We can all take small steps to increase our accessibility and responsiveness to and engagement with our spouses. These steps can make a difference in our marriage. If you are interested in learning more about attachment and how to create security and safety in your relationship, I suggest you read one or both of Dr. Sue Johnson’s books which are listed below.

What are your thoughts on these do’s and don’ts? What has worked for you in creating attachment security?

  1. 1.Bowlby, J. (1969). Attachment and loss: Vol. 1. Attachment. New York, NY: Basic Books.
  2. Ainsworth, M. D. S. (1973). The development of infant-mother attachment (pp. 1-94). In B. M. Caldwell & H. N. Ricciuti (eds.), Review of child development research (Vol. 3). Chicago, IL: University of Chicago Press.
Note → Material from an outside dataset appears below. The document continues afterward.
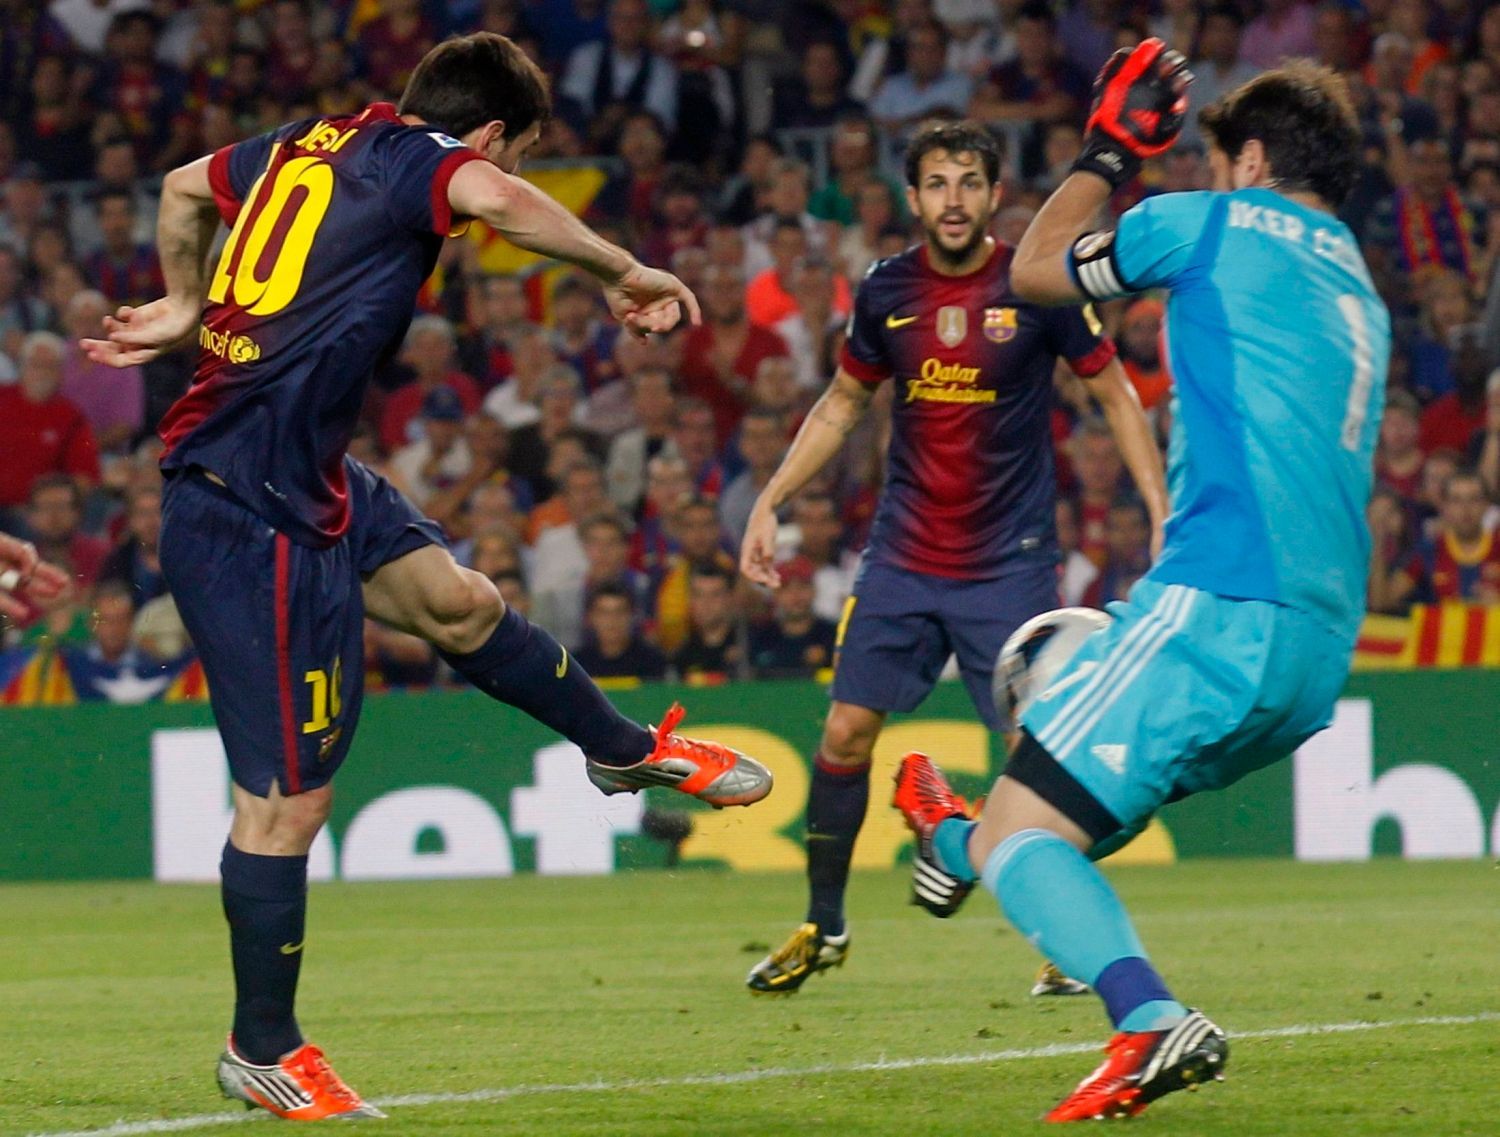 Fotbalista Barcelony Lionel Messi střílí gól za záda Ikera Casillase v utkání Primera División proti Realu Madrid.

  3. Feeney, J. A. (2008). Adult romantic attachment: Developments in the study of couple relationships (pp. 456-481). In J. Cassidy & P. R. Shaver (eds.), Handbook of Attachment: Theory, research, and clinical applications. New York, NY: The Guilford Press.
  4. Johnson, Susan. (2008). Hold Me Tight. Little Brown, NY.
  5. Johnson, Susan. (2013). Love Sense. Little Brown, NY.
  6. Sandberg, J. G., Busby, D. M., Johnson, S. M., & Yoshida, K. (2012). The brief accessibility, responsiveness, and engagement (BARE) scale: A tool for measuring attachment behavior in couple relationships. Family Process, 51(4), 512-526.